> _GIVEN INFORMATION_
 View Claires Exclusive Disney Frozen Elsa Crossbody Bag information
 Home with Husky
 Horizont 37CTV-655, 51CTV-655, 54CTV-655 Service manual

> _TASK OBJECTIVE_
In your reply, write out all of the material exactly as it was given.

> _RESPONSE_
 View Claires Exclusive Disney Frozen Elsa Crossbody Bag information
 Home with Husky
 Horizont 37CTV-655, 51CTV-655, 54CTV-655 Service manual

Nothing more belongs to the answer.